73. MYSTERIUM (2015) Designed by Oleksandr Nevskiy & Oleg Sidorenko; Published by Asmodee/ for 2-7 players – One player assumes the role of a ghost who must communicate to the other players, who take on the role of psychics, who killed them with what object and in which location. It’s sort of like a cerebral version of Clue. The ghost player (who can not speak) communicates to the other players through cards that have abstract images. It’s up to the psychic to figure out what the ghost is trying to tell them. This is a perfect game for a Halloween party. The artwork all around is phenomenal, the components are gorgeous and the theme is well-integrated into the game play. If played with the right type of people, the experience could be unforgettable.
72. HELIOS (2014) Designed by Matthias Prinz & Martin Kallenborn; Published by Z-Man Games/ for 2-4 players – This is one unique Eurogame that just doesn’t get talked about really. I picked it up right when I first got into gaming, and I was really fascinated with its gameplay. Players are trying to be the next ruler of the planet Helios, growing resources, erecting buildings, and getting the help of citizens of the planet. Sounds kind of generic, but the game is anything but. The player board is a unique design that has the sun revolve around the resources and buildings you create. I love that the sun can help make a resource grow. And the way you select actions is cool too, by selecting a colored action tile from the table, but then if you match 4 of the same colors, you get a bonus action. The buildings have cool abilities as do the people you can hire. The concept isn’t new, but the flow of the game feels fresh. Add some nifty looking artwork and you’ve got a very cool game that is different from others on the market.
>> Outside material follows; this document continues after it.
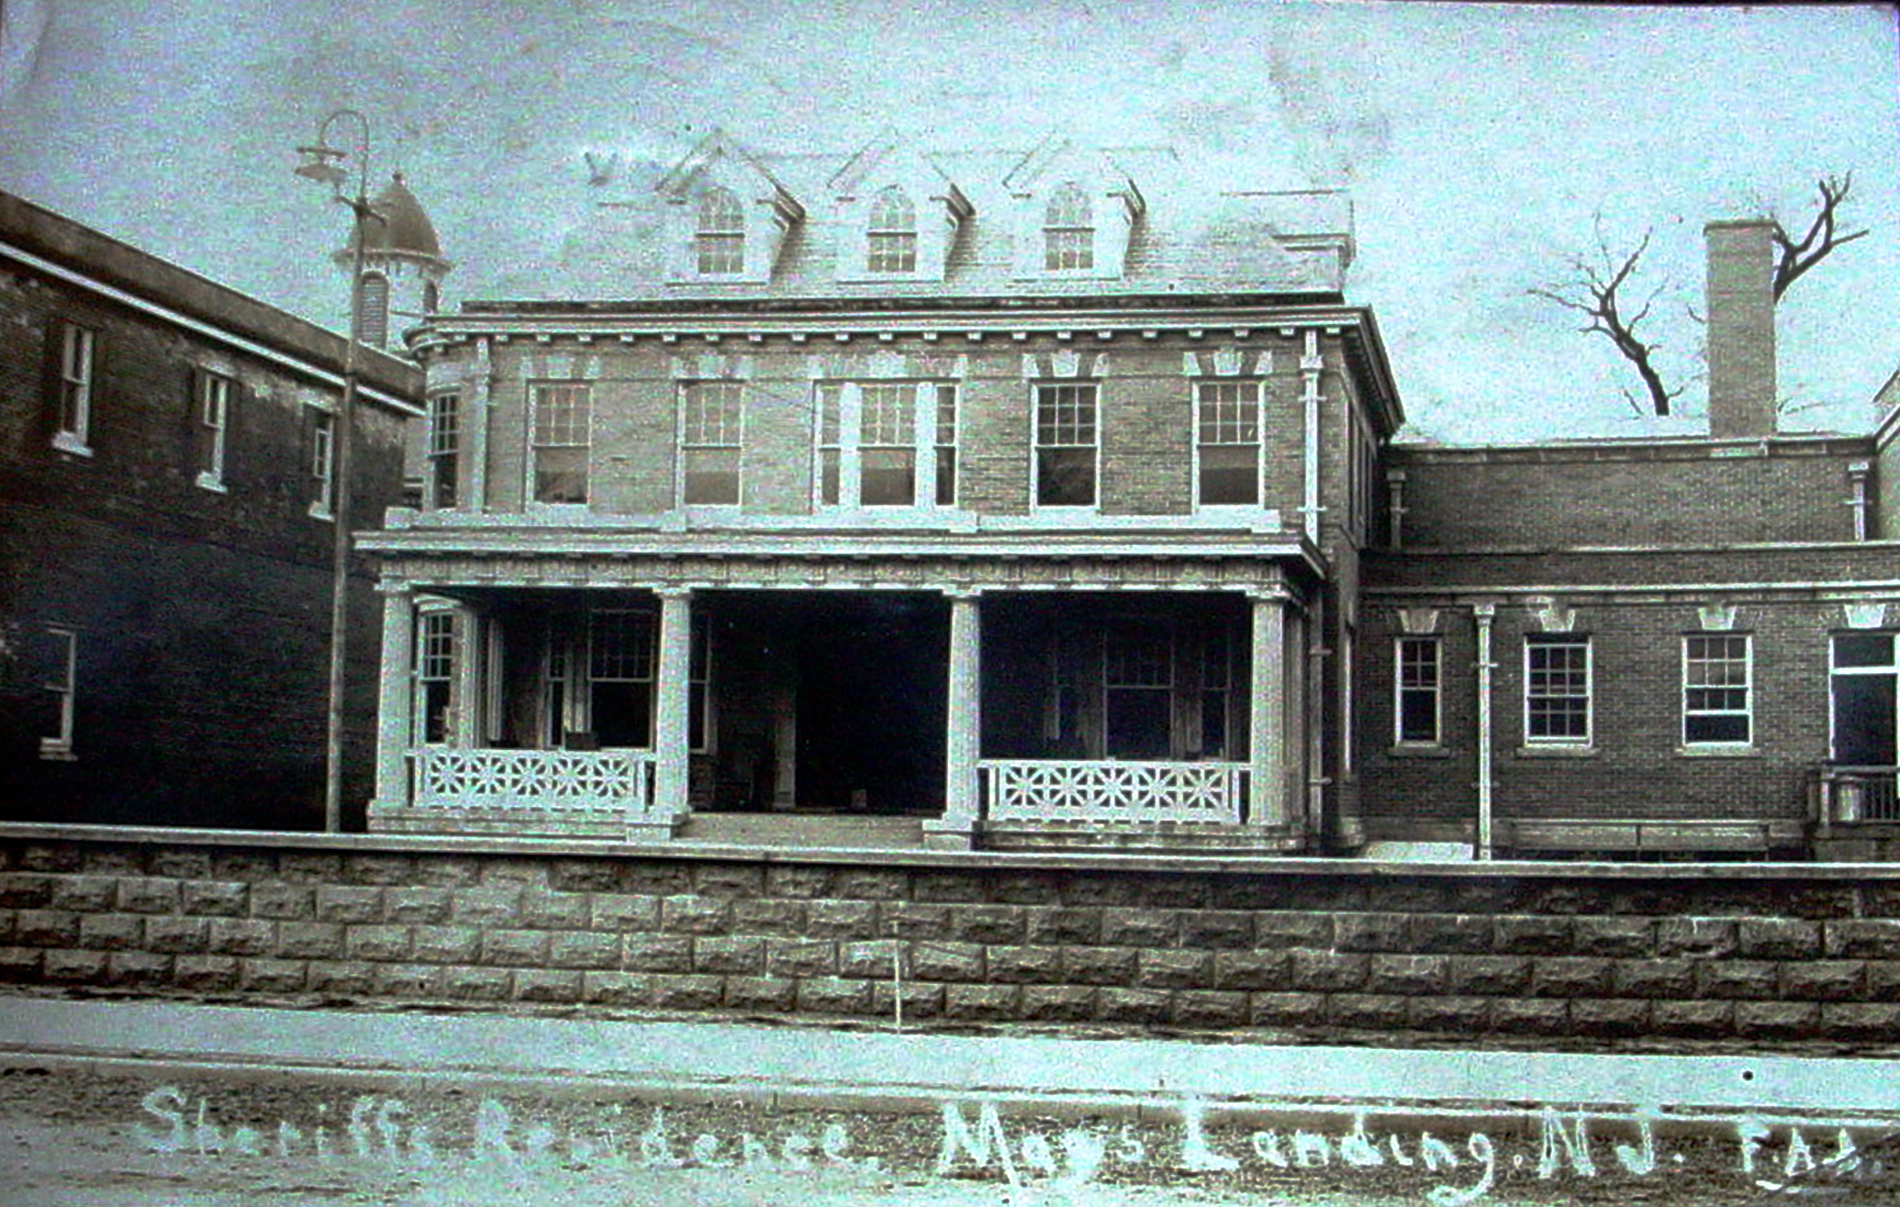 Mays Landing - County Sherisss Residence - c 1910 or so

71. 7 WONDERS DUEL (2015) Designed by Antoine Bauza & Bruno Cathala; Published by Asmodee Games/ for 2 players – I wasn’t that big of a fan of the original 7 Wonders, so I was pleasantly surprised that I loved this game! This is a fantastic 2-player game that has a really nice back-and-forth going on. You’re still drafting cards, but this time you’re drafting them from face-up cards on the table, which makes what card you pick a big difference to the other player. Sure, the theme is still not really there, but I enjoy the abstract nature of this one, building your engine, trying to get enough resources to build one of nature’s wonders in front of you. I love the addition of the army track that you can’t ignore, otherwise the other player can invade your capital. And it plays really fast too! You can play twice in under an hour. Very satisfying!